Musings on topics of small or large importance. Especially partial to subjects that include baby boomers, public figures, friends, Corporate America, the Denver Broncos, NASCAR, my previous home towns of New York City and Columbia (Maryland), stupidity (mine and others'), diets and health and who knows what else!

Friday, June 05, 2009

What's the Most Romantic Thing...?

My hairdresser today told me about her husband's romantic surprise for their 25th wedding anniversary: renewing their vows at a spectacular place with their original minister, original bridesmaids, every detail arranged and perfect. Very cool, I thought.

Then she asked me, "What's the most romantic thing anyone's ever done for you?" Hmmmmm. Ah.... Well, let's see. Absolutely nothing came to mind. Oh, c'mon, I've had some wonderful men in my life over the years. Why can't I think of something outstandingly romantic?

Let's see.... It wasn't my senior prom. My boyfriend at the time, Tom, and his best buddy with whom we double-dated, took us girls home first and went out together afterward.

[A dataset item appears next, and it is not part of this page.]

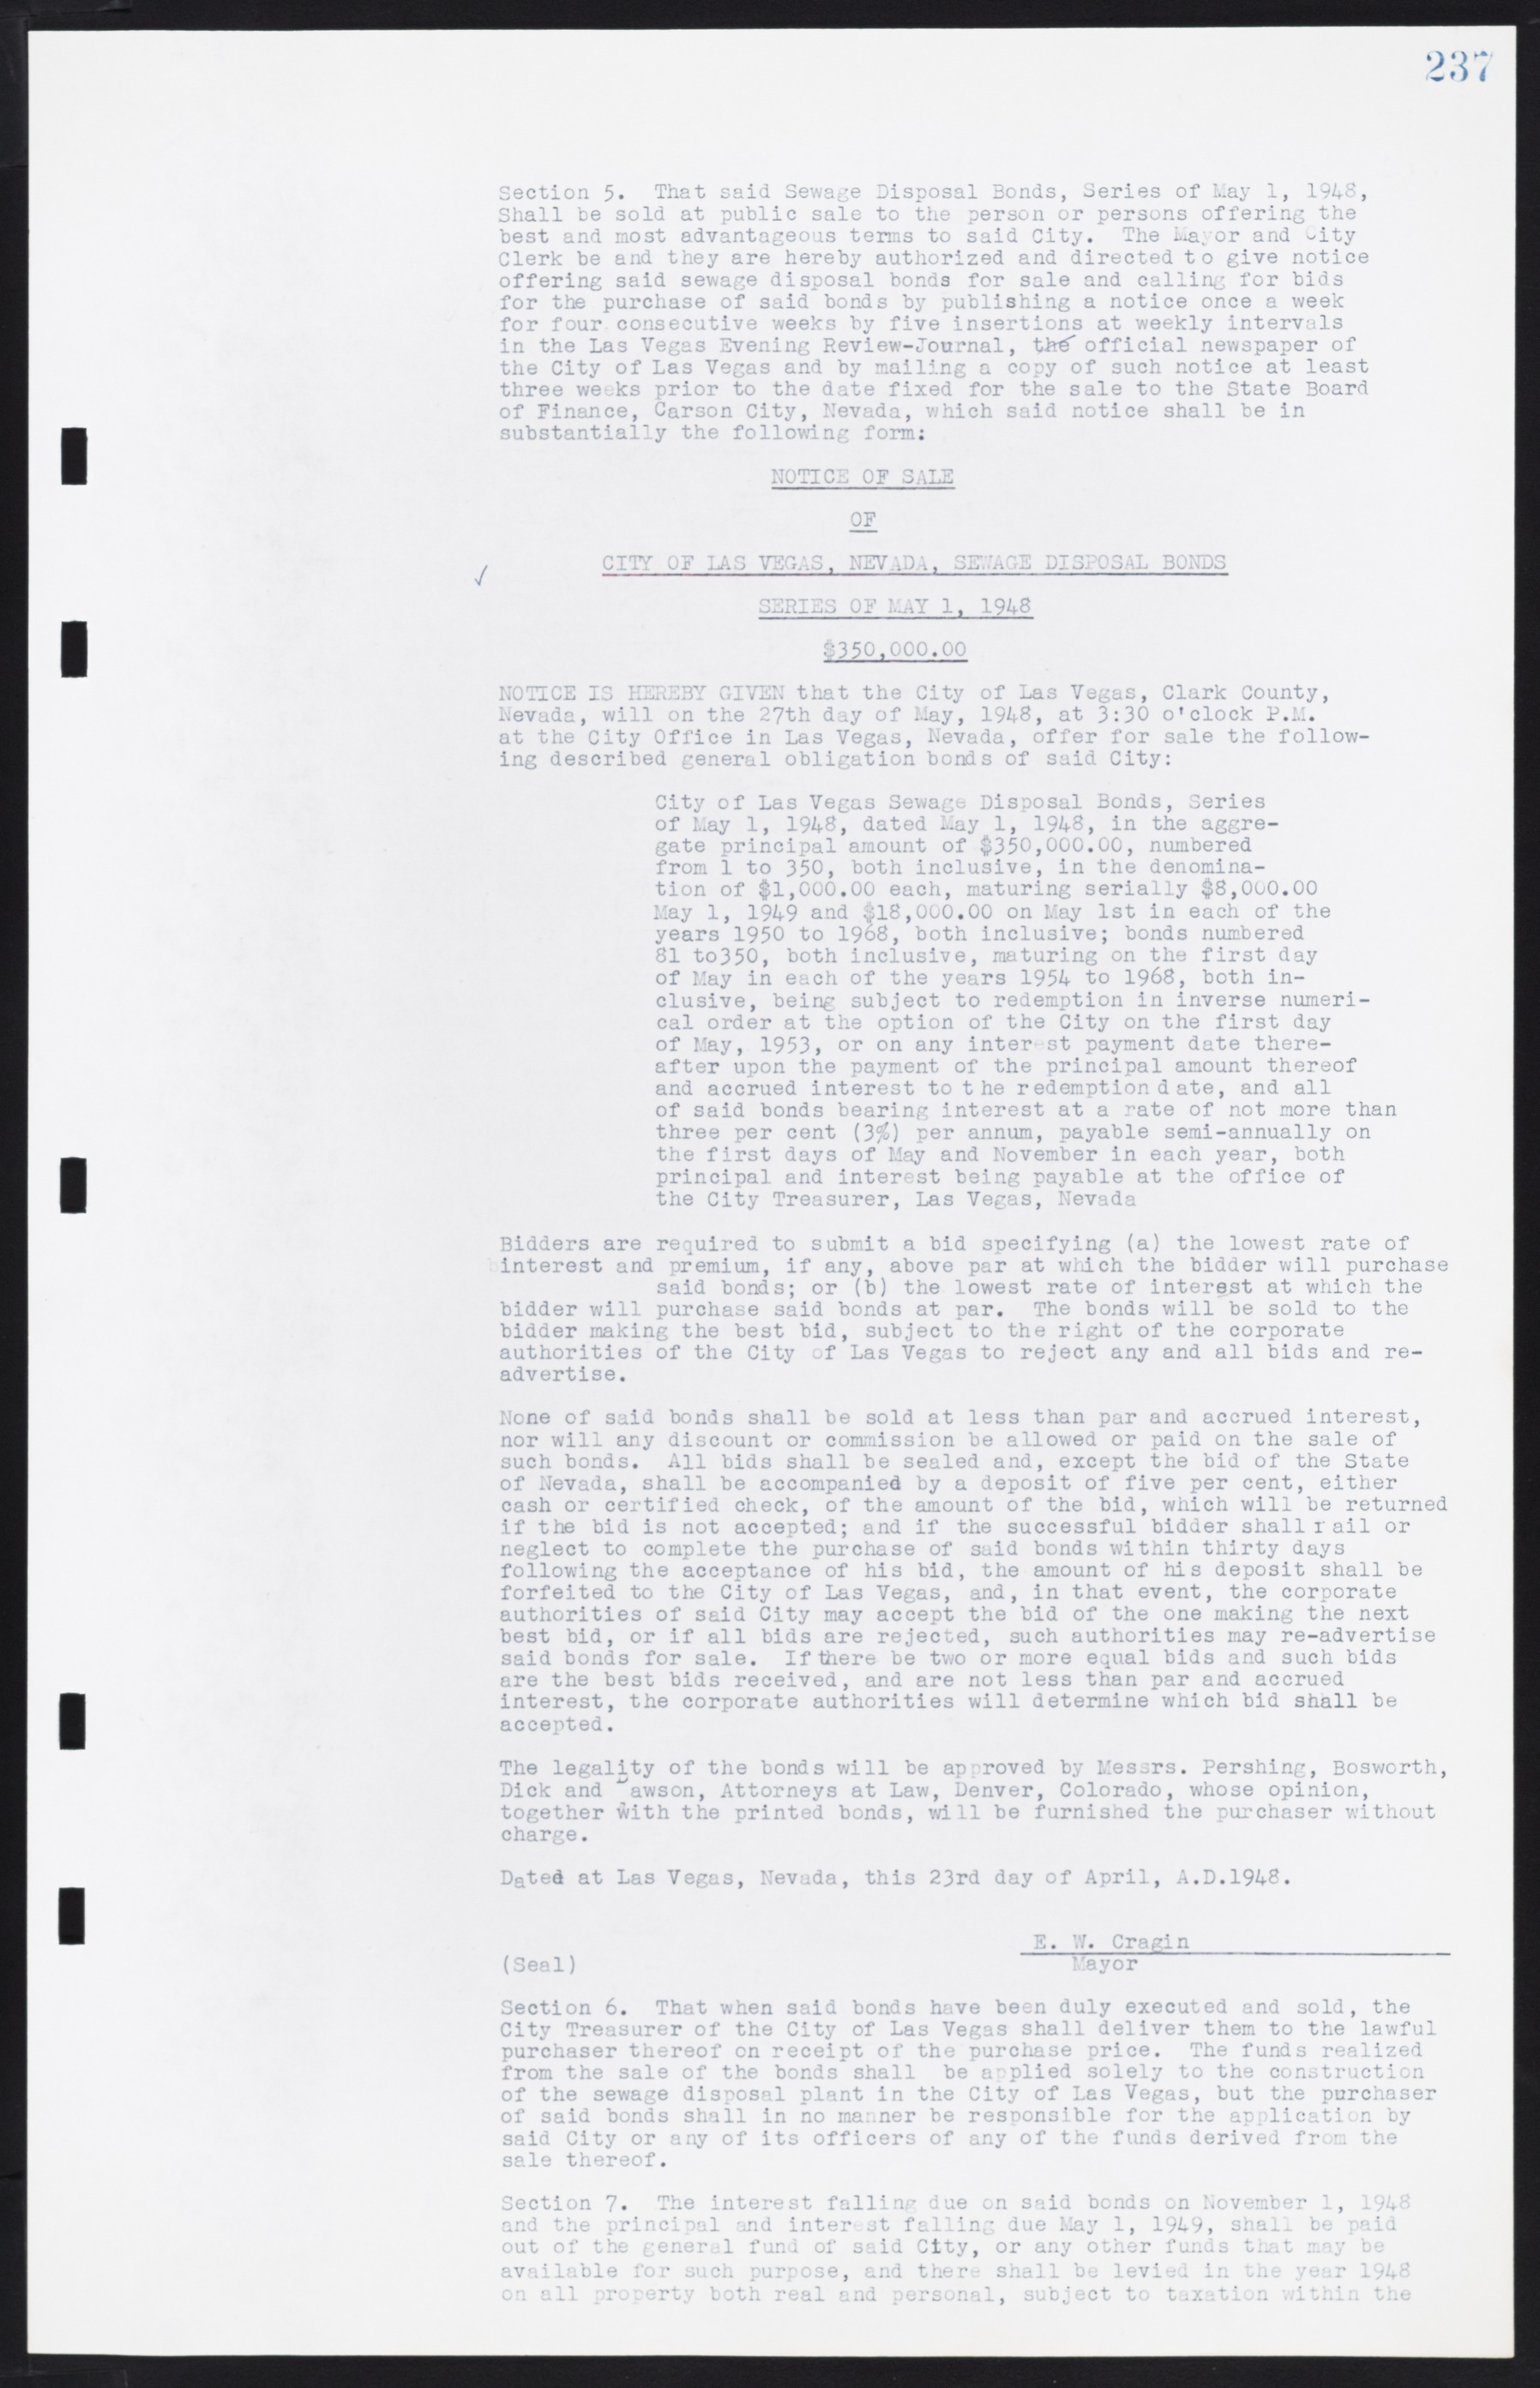 Las Vegas City Commission Minutes, January 7, 1947 to October 26, 1949, lvc000006-259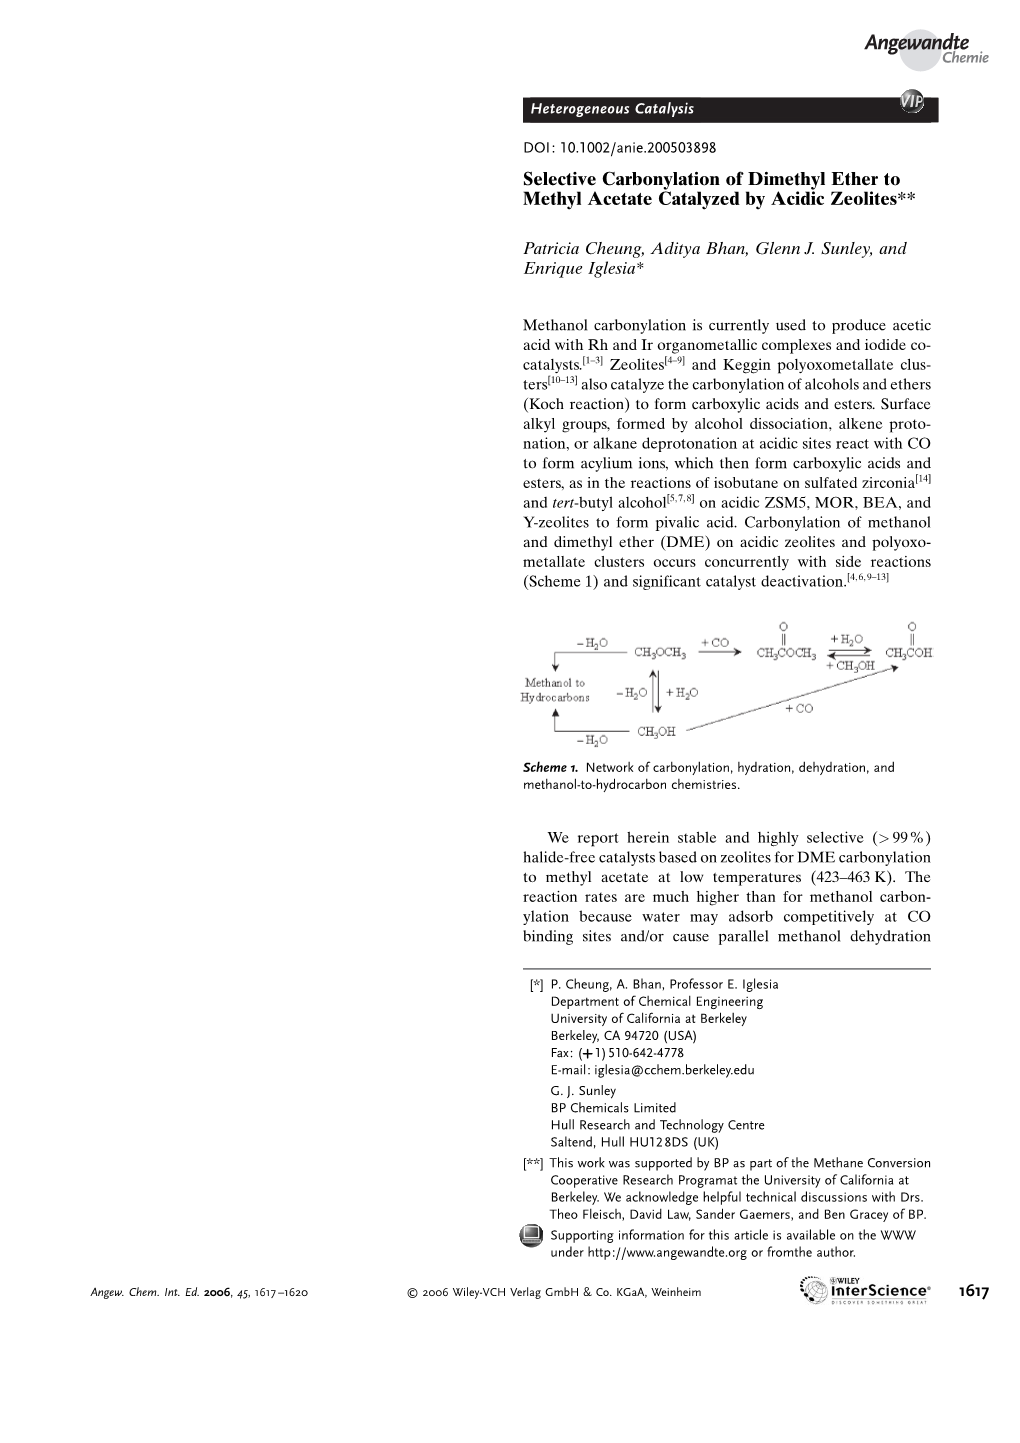 Selective Carbonylation of Dimethyl Ether to Methyl Acetate Catalyzed by Acidic Zeolites**

Not very romantic.

Thinking back, there were some memorable romantic gestures. My gorgeous next door neighbor Tom (not the same as my h.s. boyfriend Tom) ripped grasshoppers apart outside my window in an effort to impress me. We were about 10 or 11 at the time. I was impressed by the fact that he wanted to impress me, not by what he tried to impress me with.

In college, my boyfriend Greg sent me yellow roses, my all-time favorite. They were my first yellow roses and they were special. So was he. That was romantic.

When I was dating Walt, one night we were lying on his trampoline at his house just talking. He reached into his pocket, pulled out all of the bills inside -- somewhere around $100 -- handed them to me and said, "I love you. You can have everything I've got." A few days later, he proposed. (Yes, I married him. We're long divorced and that was a looooong time ago, but it was a turning point and very romantic at the time.)

My perception of what's romantic has really flip-flopped over the years. Grand gestures, big surprises and the champagne-roses-chocolate-covered-strawberries scenarios don't do it for me (especially since I don't drink these days). What I look for now is someone who knows when I need something -- sometimes when I don't know I need it, sometimes when I do -- and gives it to me. It's being there for me, however that manifests. I'd rather have that on a daily basis than "romance."

When my special man takea care of me when I have a fever and my hair is plastered to my head or when some food or the flu rudely upsets my whole digestive system, that's romantic. When he's an early-to-bed man but stays up til midnight to be the first to wish me happy birthday, that's romantic. When he takes out the trash, fixes my shower door, cooks me an omelette, makes me laugh when I'm blue, rubs my back when I'm hurting, asks my opinion on a thorny business issue, wants me to give him a wake-up call when he's traveling, watches a NASCAR race with me when he's not a great fan, and takes me to the airport at 5:00 a.m., that's romantic.

My hairdresser "sexted" her husband, knowing that sending a sexy text message was so out of character for her that he'd crack up. Her young salon employees put her up to it and taught her how. Her husband, she told me, wakes her up each morning by rubbing her back, with a glass of juice awaiting her on the nightstand. In my opinion, those are romantic things that transcend the grand gestures, because they are showing each other how important they are, and they are keeping things fresh, even after 25 years of marriage.

What's the most romantic thing anyone's ever done for you?